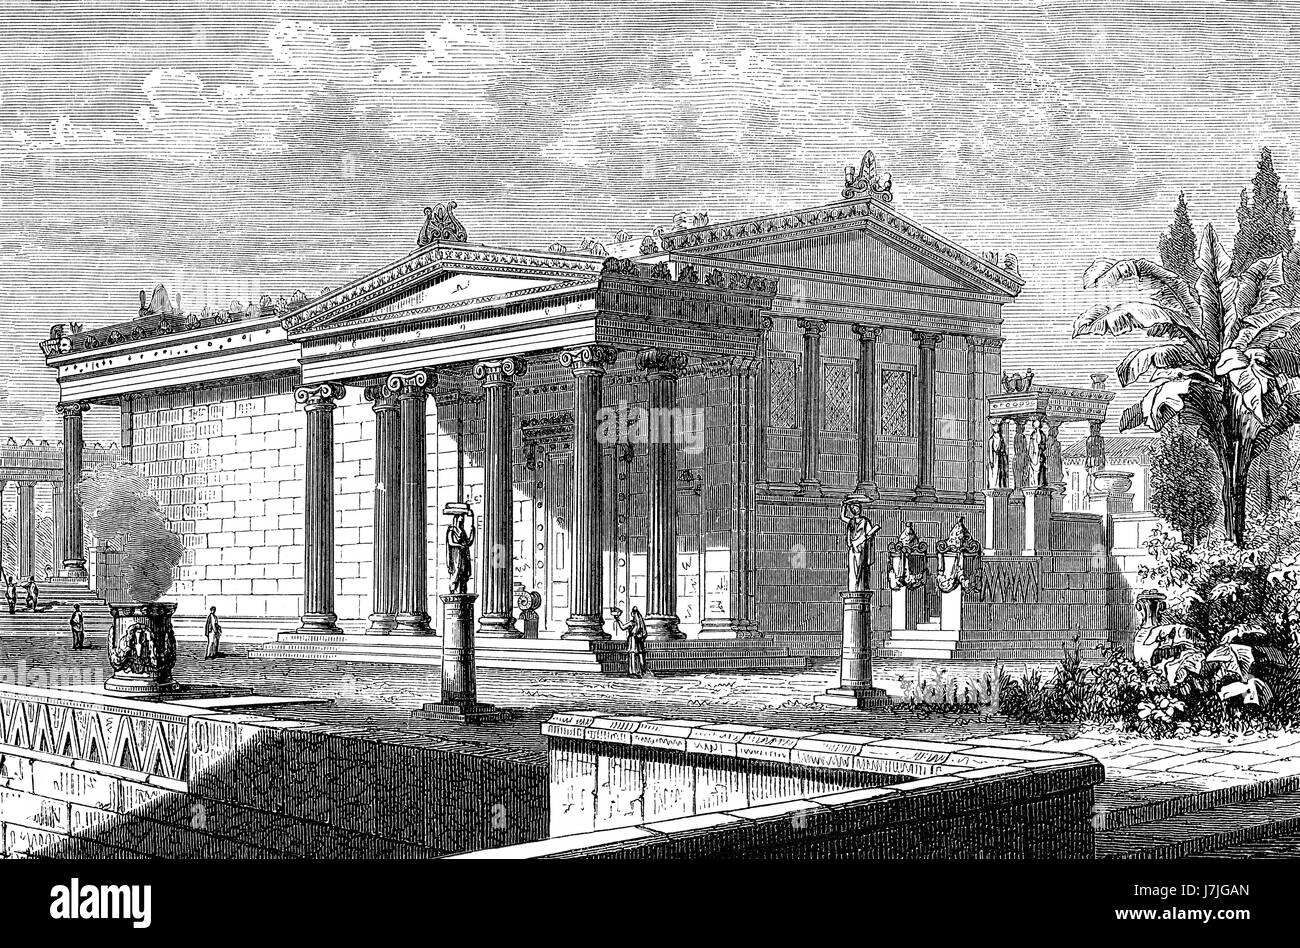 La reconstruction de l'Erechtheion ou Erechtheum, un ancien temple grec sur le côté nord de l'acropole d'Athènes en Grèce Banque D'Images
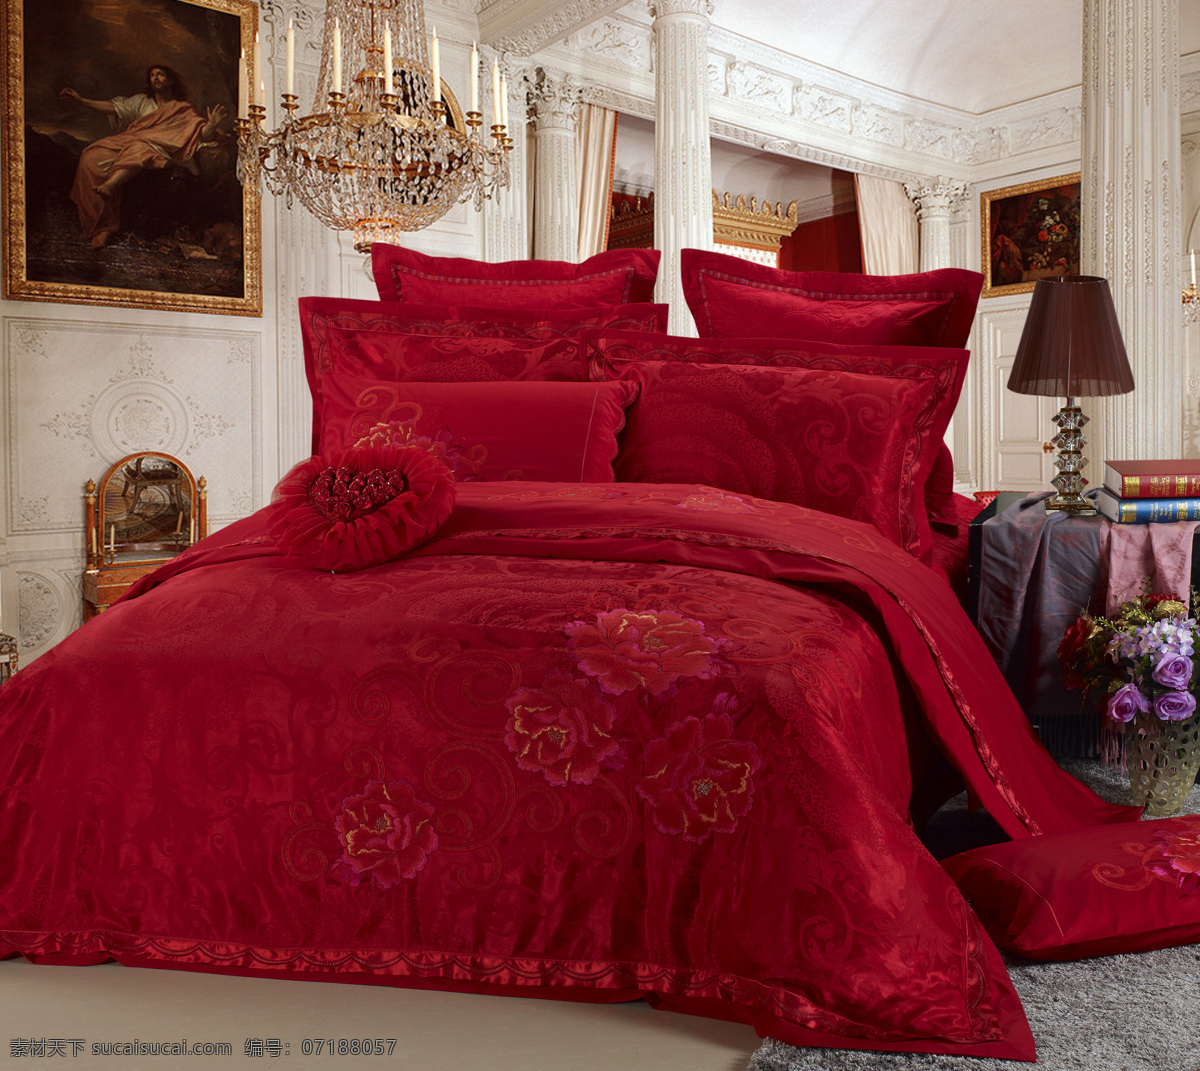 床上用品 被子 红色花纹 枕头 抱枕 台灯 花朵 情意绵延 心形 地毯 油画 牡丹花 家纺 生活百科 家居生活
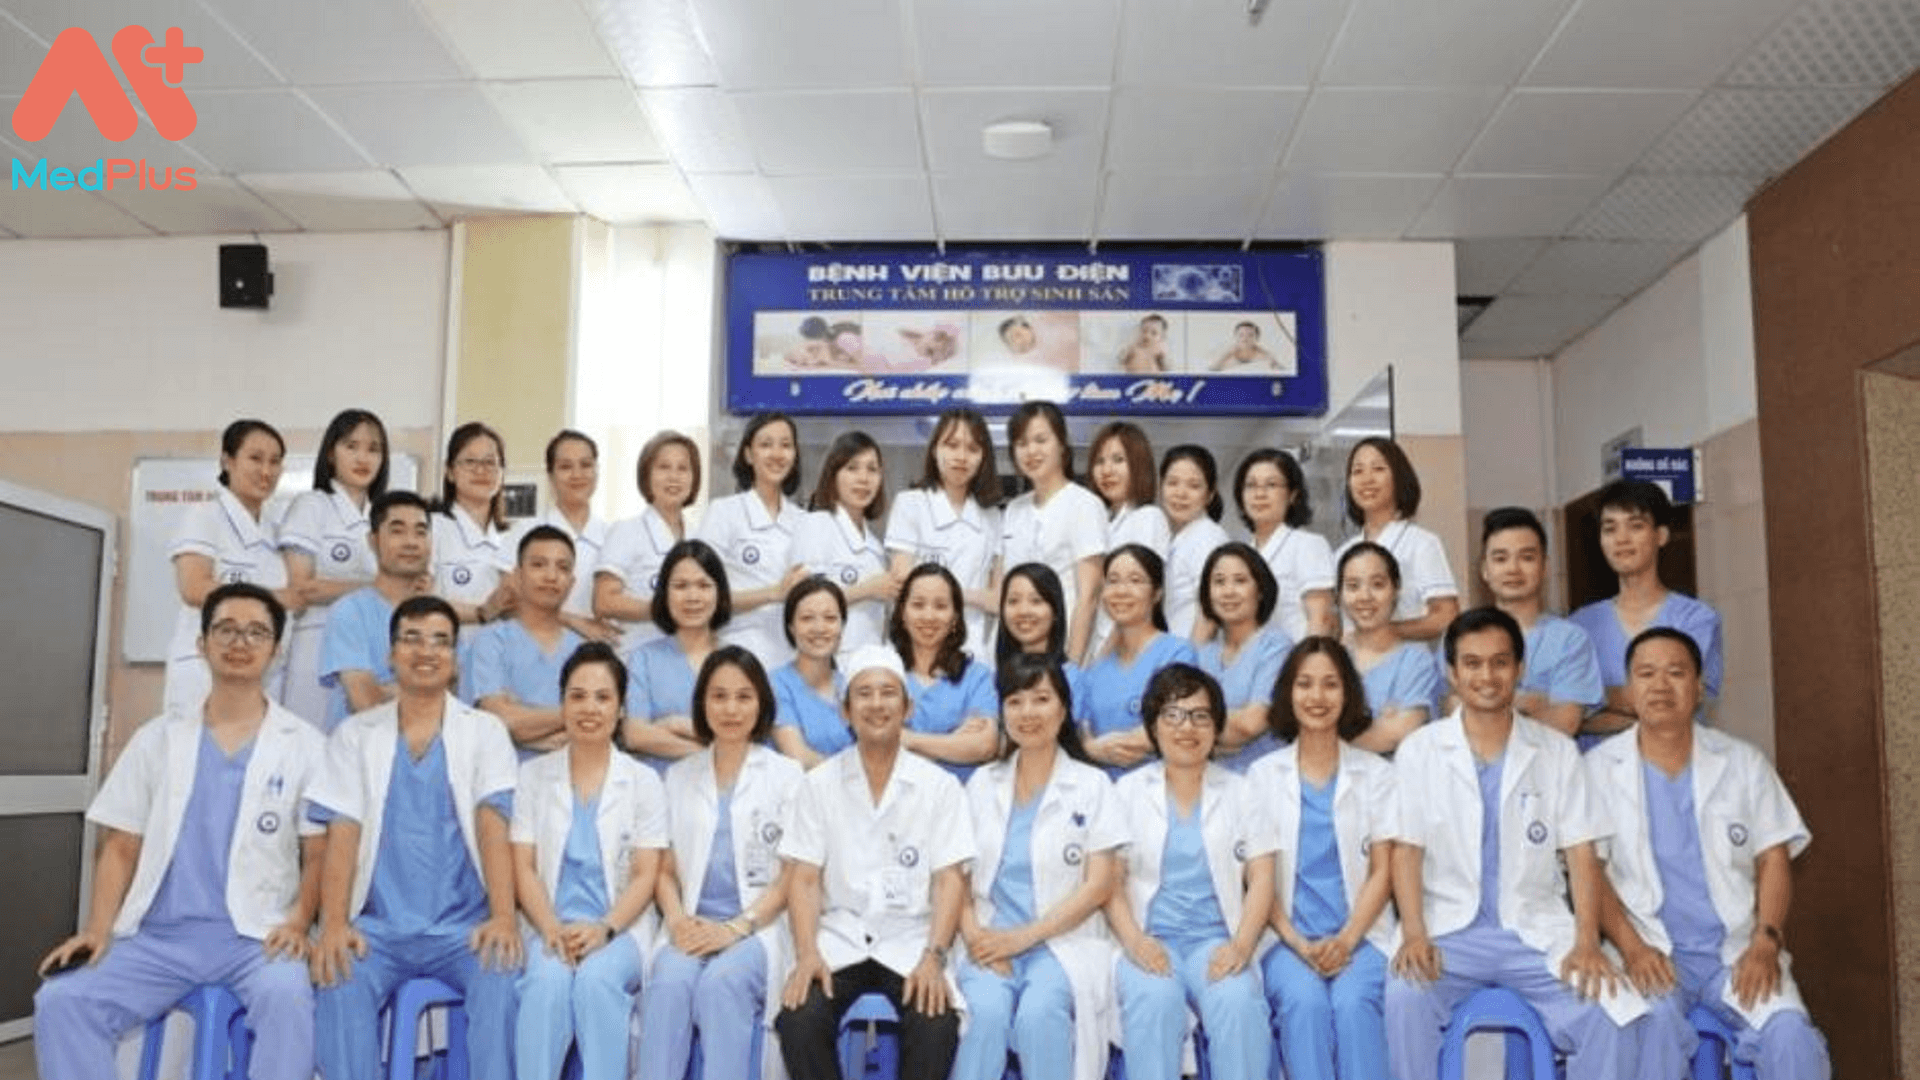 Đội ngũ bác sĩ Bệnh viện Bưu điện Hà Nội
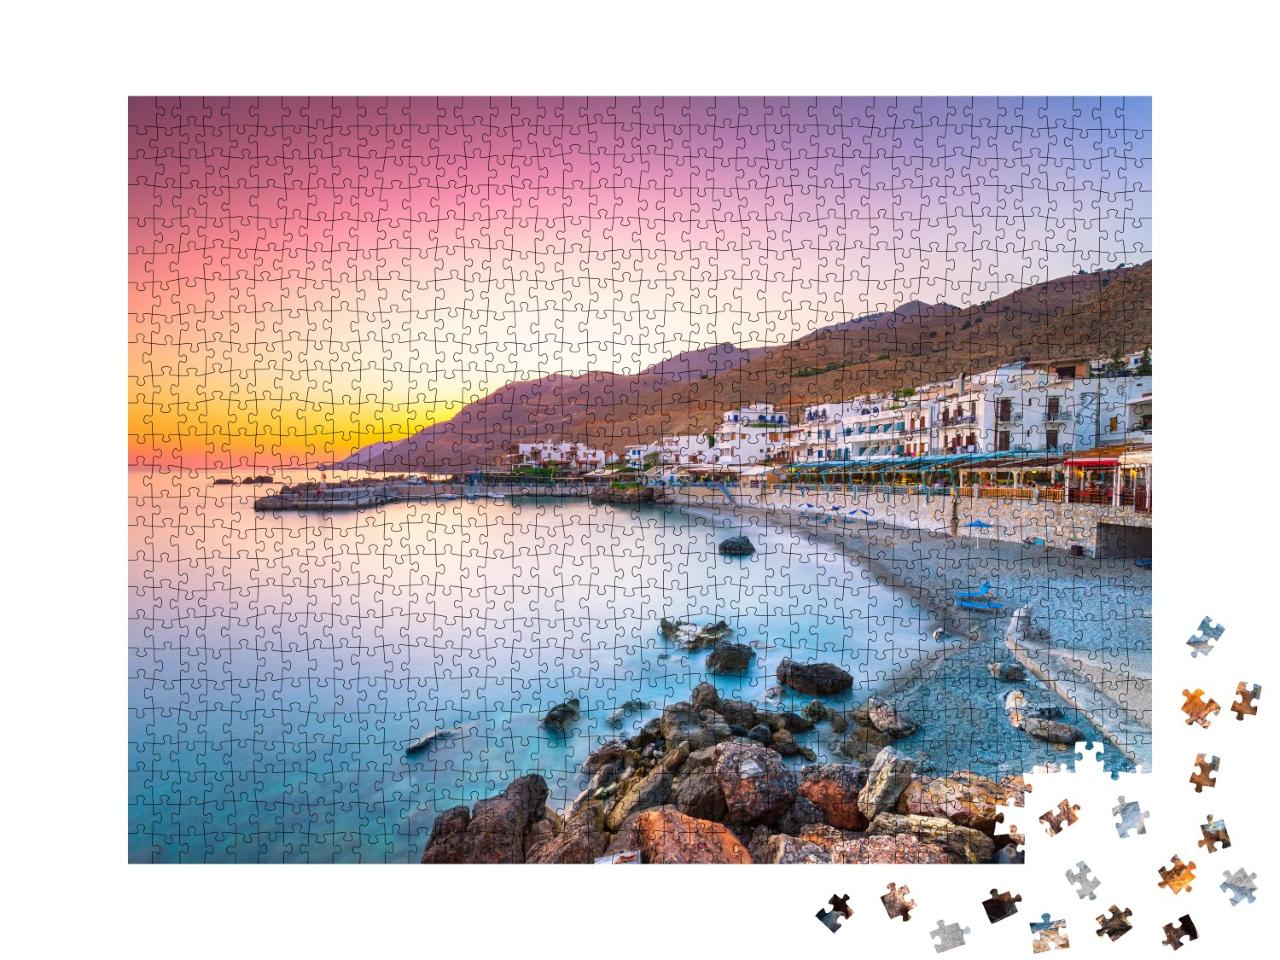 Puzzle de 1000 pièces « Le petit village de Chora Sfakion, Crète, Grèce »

• Task: Give the data again word for word, without images.

• Response:
 La reconstruction de l'Erechtheion ou Erechtheum, un ancien temple grec sur le côté nord de l'acropole d'Athènes en Grèce Banque D'Images
 床上用品 被子 红色花纹 枕头 抱枕 台灯 花朵 情意绵延 心形 地毯 油画 牡丹花 家纺 生活百科 家居生活
 Đội ngũ bác sĩ Bệnh viện Bưu điện Hà Nội
 Puzzle de 1000 pièces « Le petit village de Chora Sfakion, Crète, Grèce »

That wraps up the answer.